虞景和仇途按輕車熟路地走進教學樓,預約了一間琴房。
關上門之後,虞景看著裡面並排擺放著兩架鋼琴,下意識說道:
「你剛才聽到的琴聲,其實是從鋼琴教室傳來的,琴房的隔音效果一般都很好。」
虞景說到這裡,突然輕笑了一聲,仇途剛回過頭,虞景就用房卡輕輕挑起仇途的下巴,聲音中透著誘惑:「也就是說,不管我們在這個房間裡,發出什麼聲音,外面的人都不會聽到哦。」
突如其來的撩撥令仇途的耳朵紅了紅,虞景不緊不慢地抬起頭,首次提起到這個話題:「你知道我在台下看著的時候,白老師跟我說了什麼嗎?」
「他說,成績好的學生,都會得到老師的嘉獎。」
他刻意隱去了白紹庭話里所說的貶低仇途的話,不著痕跡地將話鋒轉到另一個方向:「你的成績還算不錯,所以……你想要我的獎勵嗎?」
仇途的眼睛微微睜大了些,看著漸漸向他湊近的精緻面龐,心裡竟難以生出拒絕的情緒:「……想。
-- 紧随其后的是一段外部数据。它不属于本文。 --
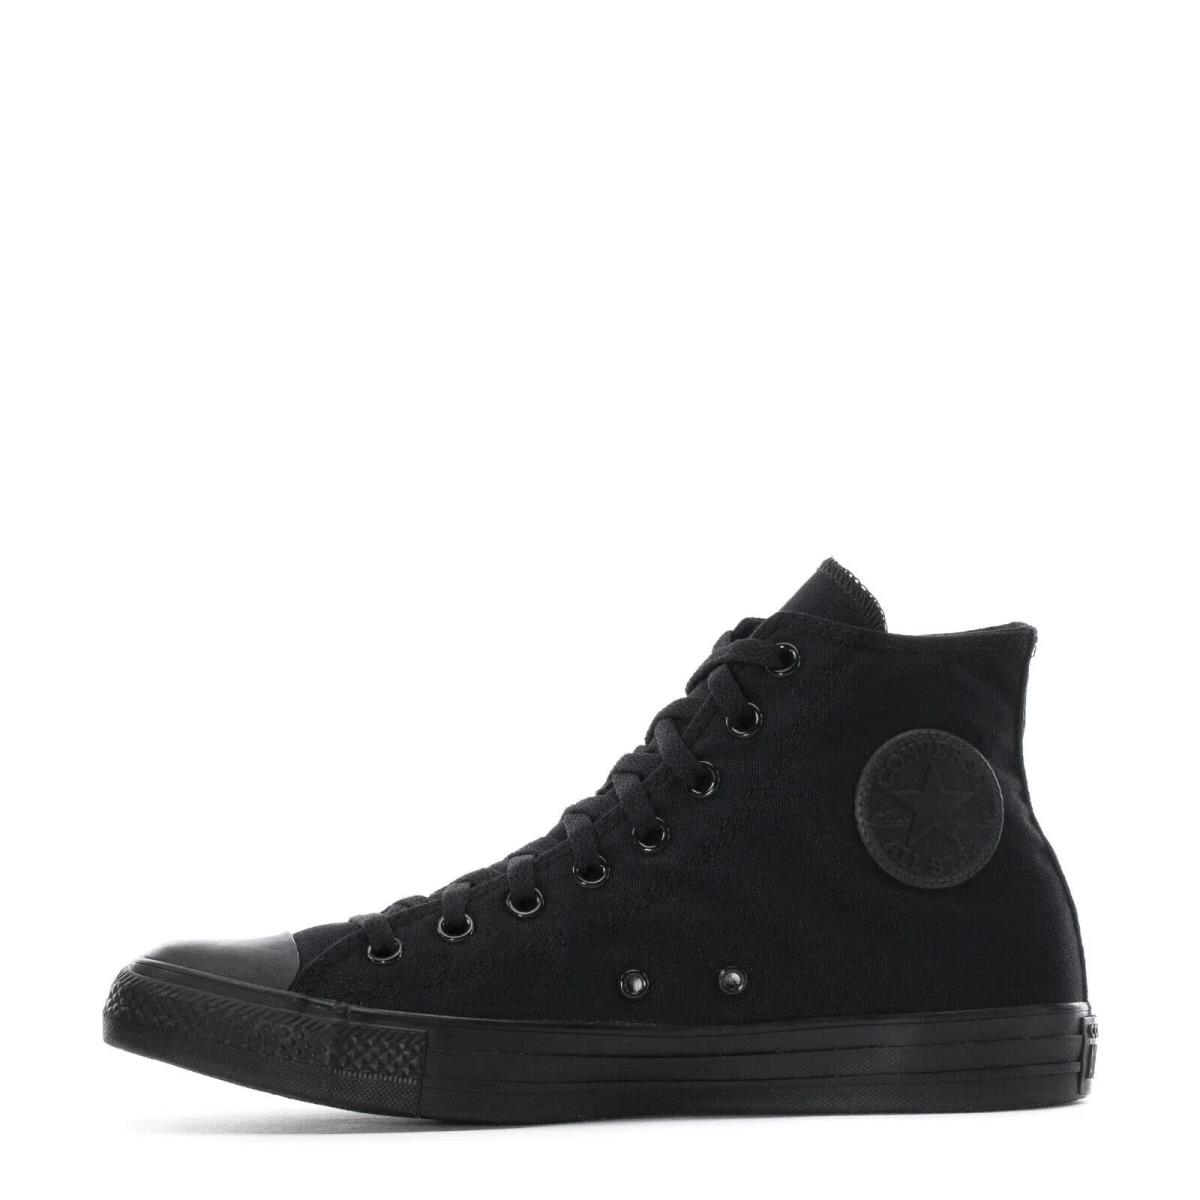 Converse Chuck Taylor HI Core Black HI Top Casual Athletic Sneakers - Black

」
老實說,在這句話說出來的時候,虞景有一瞬的後悔,因為他曾經嘗試過很多次這樣直白的試探,但大多數以失敗告終。
儘管他並不想承認,但至少在今天,他不想被仇途拒絕。
但仇途就像是聽見了他的心聲一樣,儘管回答的十分遲疑,但的確給予了他最真實的反饋。
好奇怪,緊緊是一個簡簡單單的「想」,竟然就會令他心跳不已。
虞景的睫毛輕輕顫著,視線不受控制地追隨著仇途的嘴唇望去。
要是能親一下就好了,就一下……
他深吸了一口氣,下意識緊了緊手裡的房卡。
略微帶著一點硬度的房卡漸漸從仇途的下巴來到喉結的上方,仇途的喉嚨微微動了動,卻不敢吞咽。
儘管房卡沒有真正觸碰到他的喉結,但仇途還是沒來由地產生了一種被人扼住脖頸的錯覺。
下一秒,一抹與房卡的硬度截然不同的觸感碰到了他的喉結。
仇途不由得愣在原地,原本抬起的手如同虛設一般的懸在空中,好半天都沒能做出任何動作。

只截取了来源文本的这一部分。